Adding PINK Is Not A Sales/Marketing Strategy
Ok, I can't believe it's 2007, women have enormous purchasing power and discretionary income and I have to say this, but here goes:
Just adding pink to a product does NOT make it suitable or attractive to women.
REALLY.
Just adding pink to a product does NOT make it suitable or attractive to women.
REALLY.
I was in a national sporting goods chain store this weekend. Many products that you usually see marketed to men were now just the same, except pink! I've been in this particular chain store before -- and this trend toward pink is new to this establishment, although it's certainly not a new concept.

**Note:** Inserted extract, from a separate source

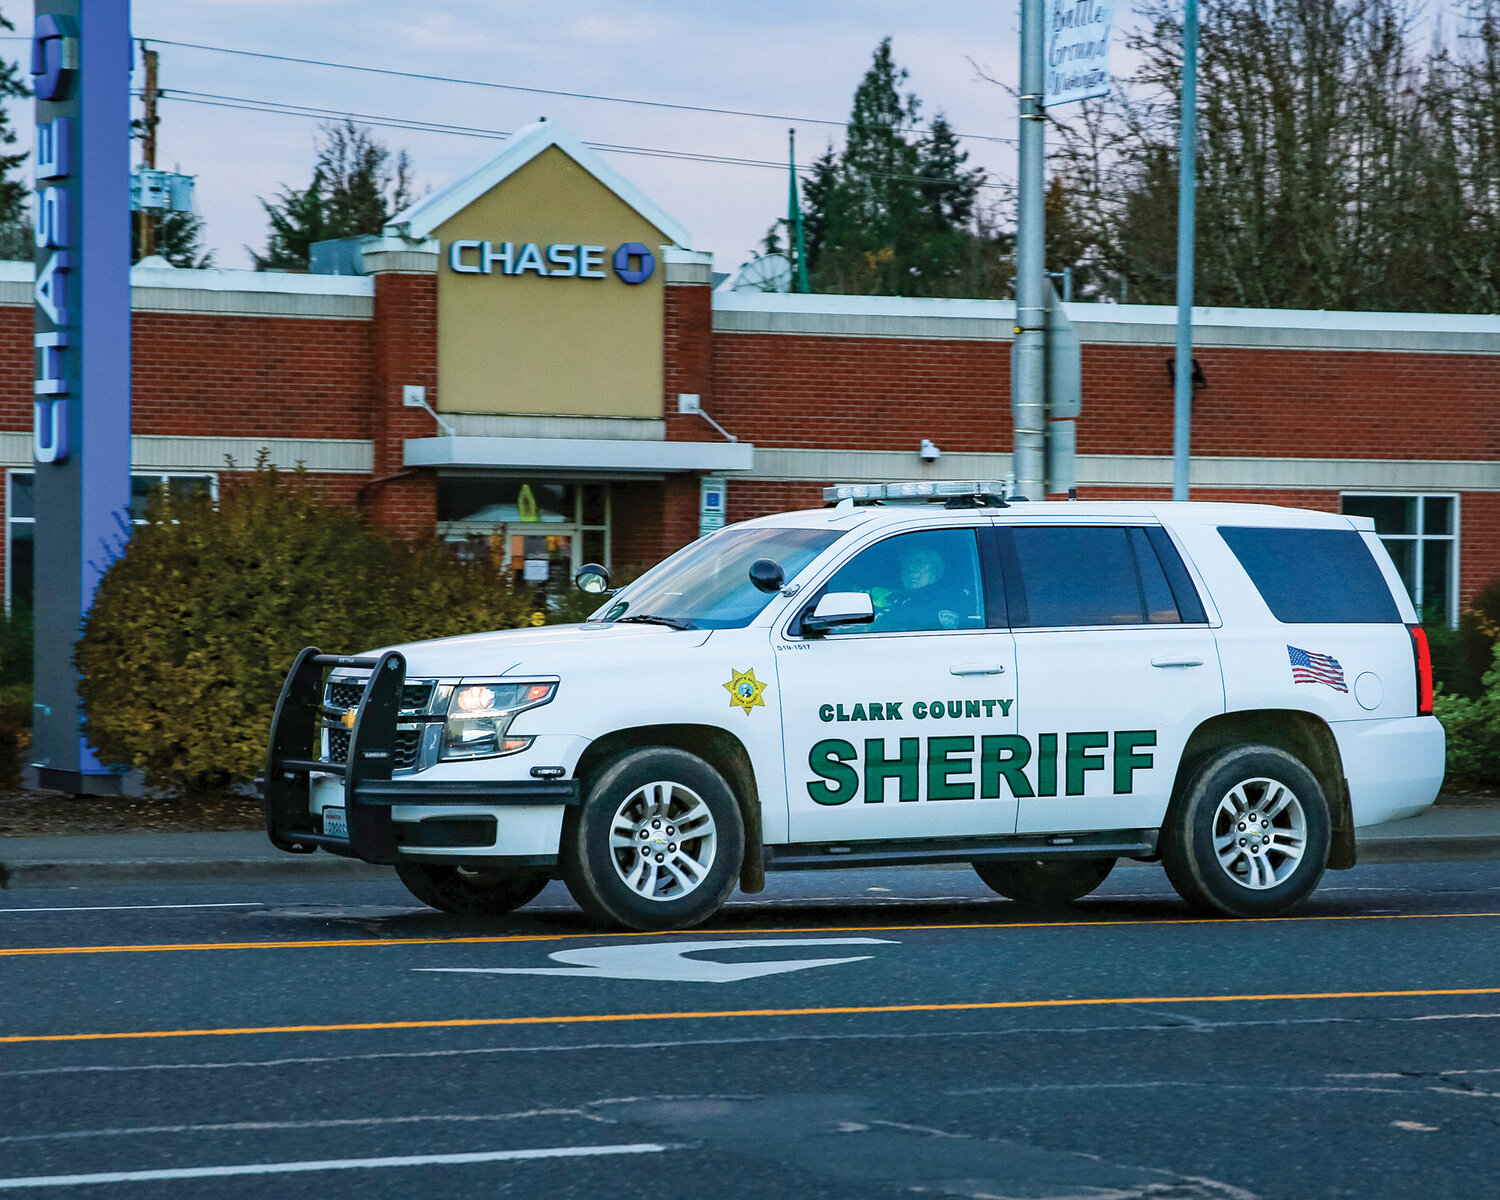 A Clark County Sheriff’s Office vehicle drives down Main Street in Battle Ground.

The pinkness of the products was certainly worth a mention to our little group. I marveled aloud about how amazing it was that this national chain did not know that simply adding pink wasn't going to make women want to buy it. Where was their marketing research??? Had they grown so used to selling golf-clubs to men that they couldn't fathom how a woman bought? No women executive employees to tell them they were crazy?
One of our group agreed to the nth degree, saying she would NEVER buy a product that had been pinked, just to make it appeal to women. (Note: these were not products relating in any way to purchasing for charity donations; just random for-sale items that were suddenly pinked, in all or in part.) I'm not even sure where else to go with this blog entry. It just blows my mind that anyone thinks that by changing the color of a product to pink, that it will then interest women.
Of course, slagging sales are probably a just karmic reward for this sort of poor marketing. I shall take comfort in that.